### Work item
Below are the records. Retype exactly the lines between the lines holding "Patent leather" and "Worldwide express shipping", inclusive.

### Data shown

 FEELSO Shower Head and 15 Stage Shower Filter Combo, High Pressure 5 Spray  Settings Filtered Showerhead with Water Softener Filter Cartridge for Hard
...
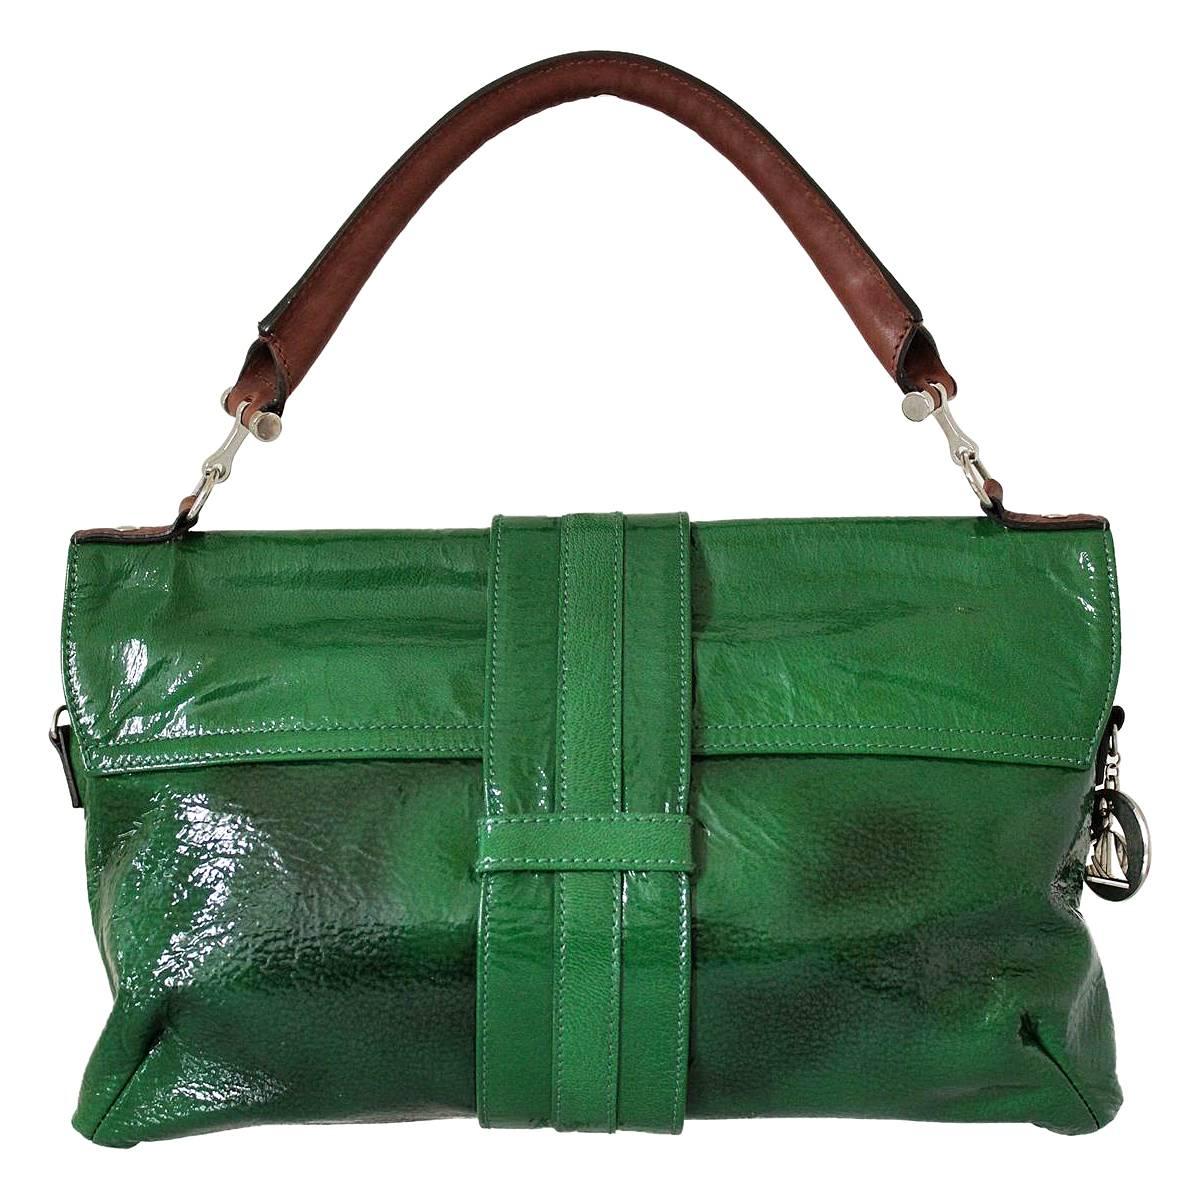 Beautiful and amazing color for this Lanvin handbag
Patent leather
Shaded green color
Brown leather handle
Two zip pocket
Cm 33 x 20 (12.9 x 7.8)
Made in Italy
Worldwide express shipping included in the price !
...
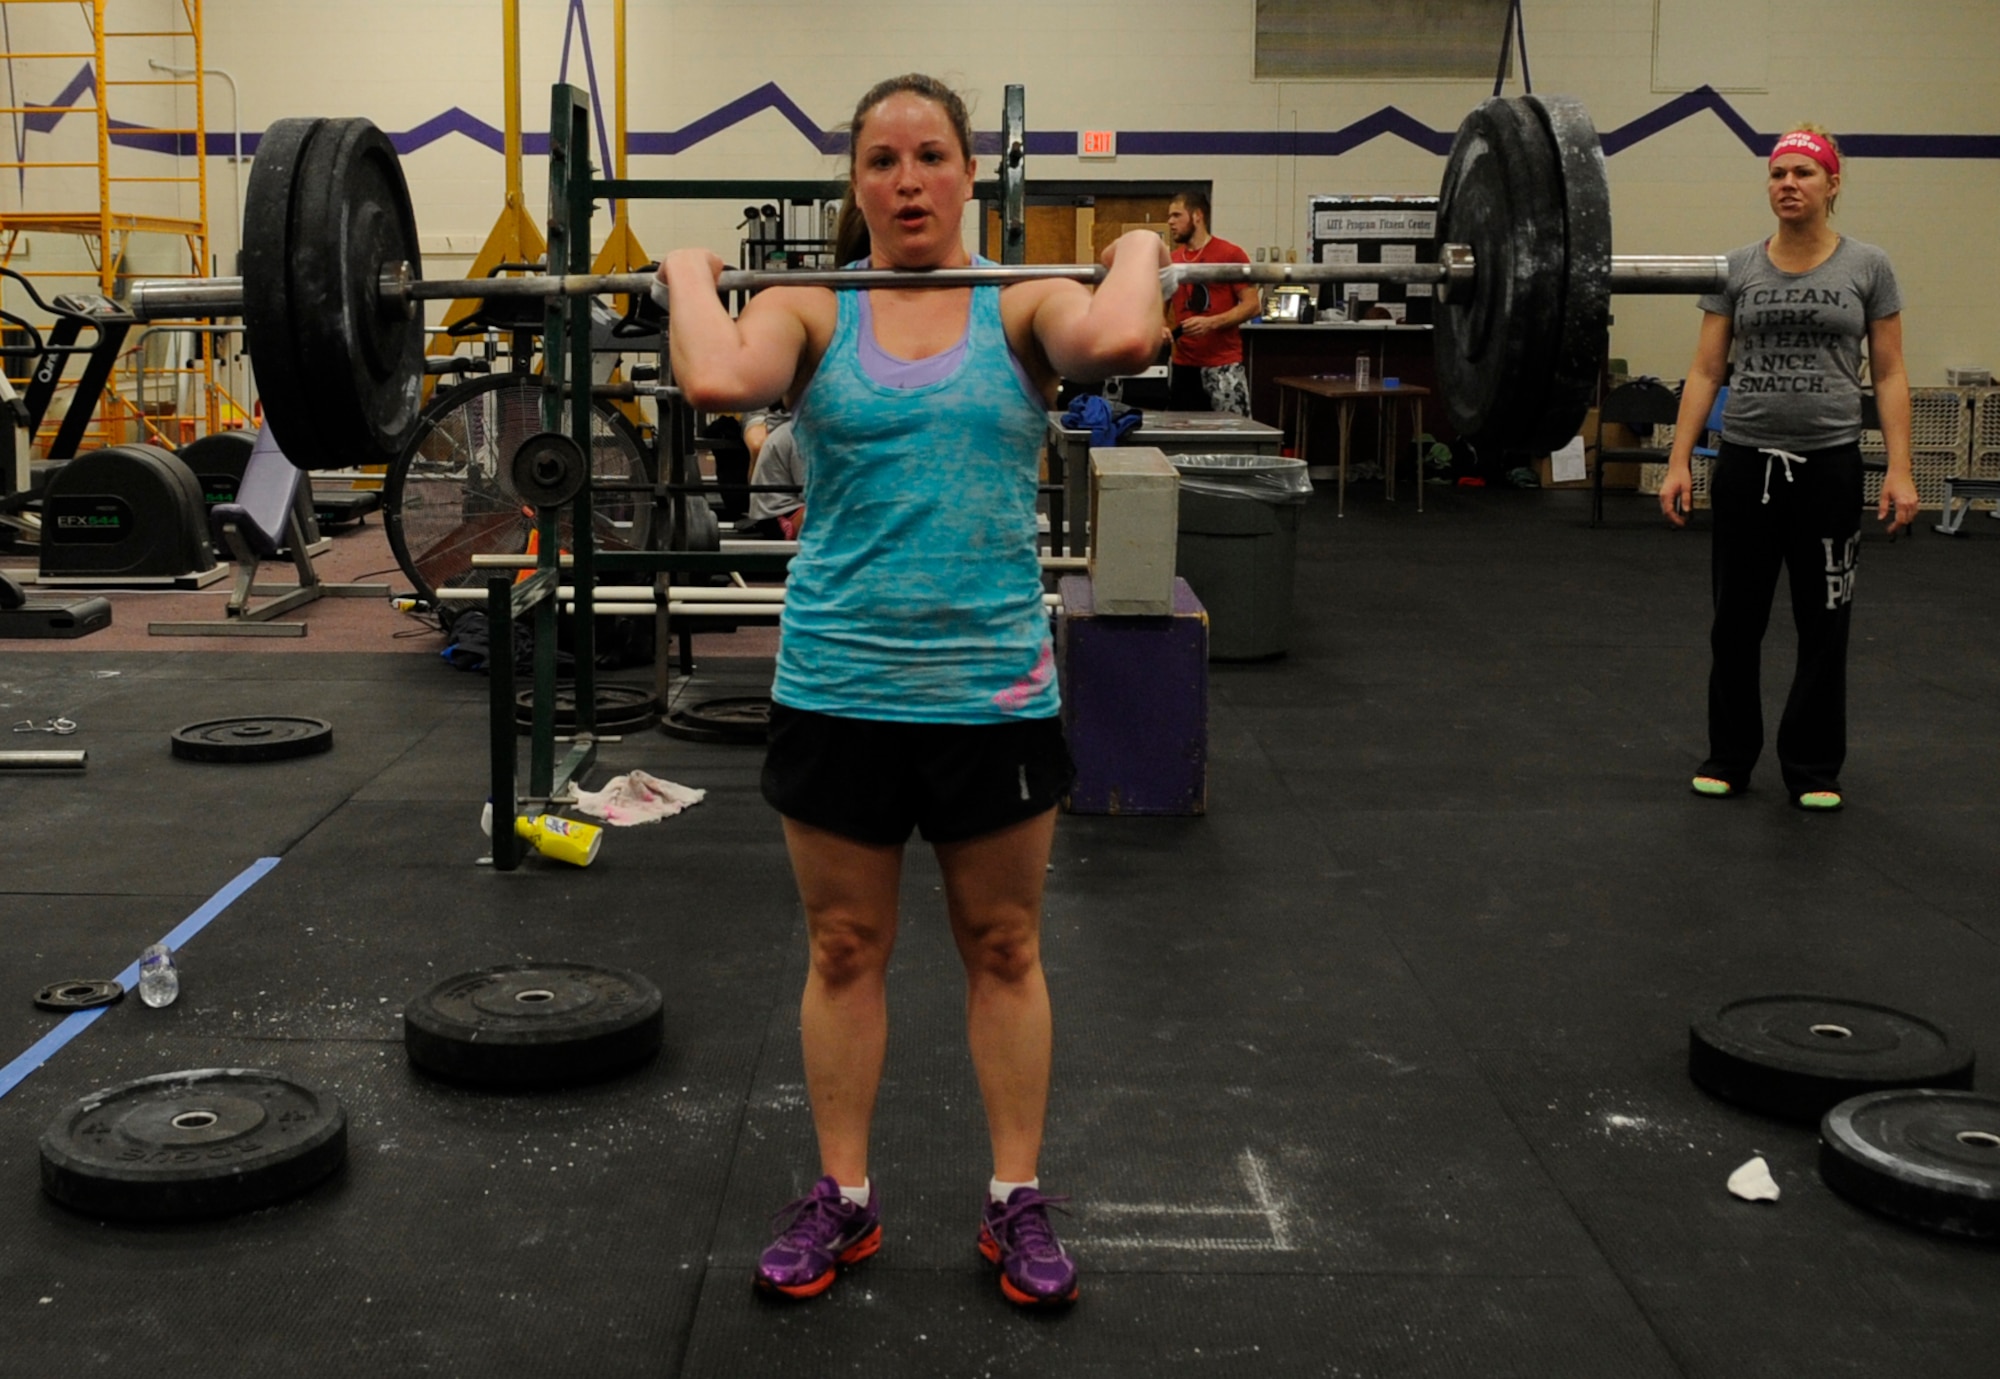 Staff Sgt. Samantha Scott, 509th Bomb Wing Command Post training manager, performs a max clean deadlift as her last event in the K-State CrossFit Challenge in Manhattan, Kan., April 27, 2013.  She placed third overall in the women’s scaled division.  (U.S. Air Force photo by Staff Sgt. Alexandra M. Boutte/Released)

### Output
Patent leather
Shaded green color
Brown leather handle
Two zip pocket
Cm 33 x 20 (12.9 x 7.8)
Made in Italy
Worldwide express shipping included in the price !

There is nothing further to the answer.